[gclist] GC debug (was: What to say about GC)
William D Clinger
will@ccs.neu.edu
Thu, 01 Aug 1996 14:08:24 +0000
Here are a few of the things I have learned about debugging
compilers and garbage collectors for Scheme-like languages.
* It is easier to debug a precise copying collector than a
conservative or non-copying collector, because catastrophic
bugs are easier to detect.
* Reliability is far more important than efficiency.
* The garbage collector's invariants must be simple and
explicit.
* With a precise copying collector, most of the apparent gc
bugs are really compiler bugs, in which the compiler has
violated some gc invariant.
* Most of the apparent gc bugs that are not compiler bugs are
likely to be bugs in low-level runtime code, not bugs in the
garbage collector itself.
* The ability to check all gc invariants at every allocation
or side effect is useful, even if it is a million times as
slow as not checking.
* Most catastrophic violations of a gc invariant can be
detected by running a full gc 2 or 3 times in succession.
The ability to trigger this kind of multiple gc after the
Nth allocation or gc is very useful; with repeatable bugs
you can use binary search to isolate the source of the bug.
* The ability to find all live objects of some specific type
is useful for detecting storage leaks as well as for debugging.

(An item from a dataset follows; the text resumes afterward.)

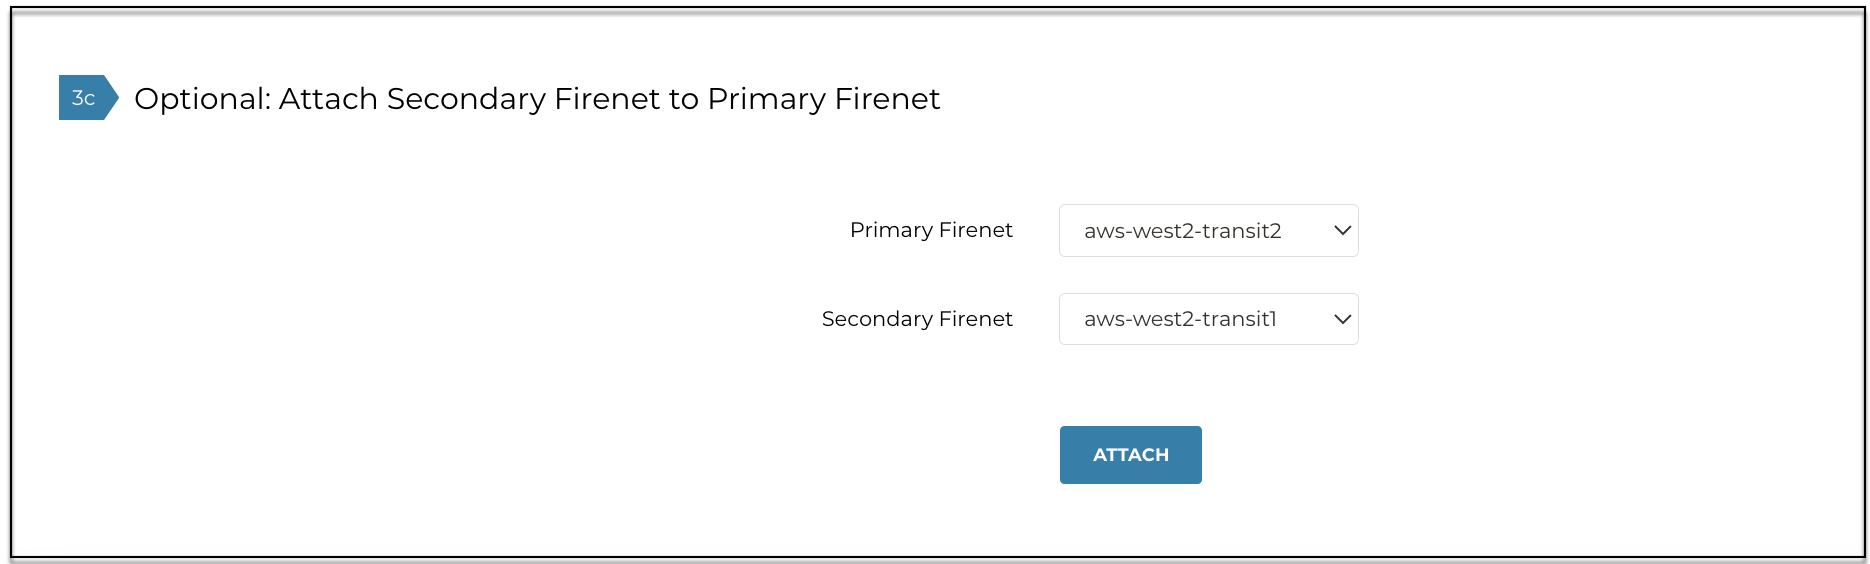 centralized firenet

* Many storage leaks can be detected by using the system to
rebuild itself dynamically. If you're careful to initialize
global counters appropriately, then the bootstrapping process
should stabilize at a bit-level fixed point.
* Registers and stack frames cause storage leaks unless you're
careful. To find such leaks, it helps to have a compiler
switch that will generate code to clear all dead registers
and stack slots at certain times, such as procedure calls,
returns, and allocations of a stack frame.
* The ability to run the machine code for a compiled program
with several different kinds of garbage collectors or write
barriers is extremely useful. Sometimes you can get the
effect of different kinds of garbage collectors by changing
the parameters of a single collector. For example, a
generational collector that uses stop-and-copy for the
youngest generations and mark-sweep for the oldest generations
can be made to simulate a pure stop-and-copy or mark-sweep
collector by setting the size of some generations to zero.
* Fencepost errors at heap boundaries are common, especially
if you play tricks to avoid testing for boundary cases
during allocation.
* GC statistics are more useful for tuning than for debugging.
Examples: the number of objects allocated; the number of
objects promoted; the number of write barrier transactions.
Will Clinger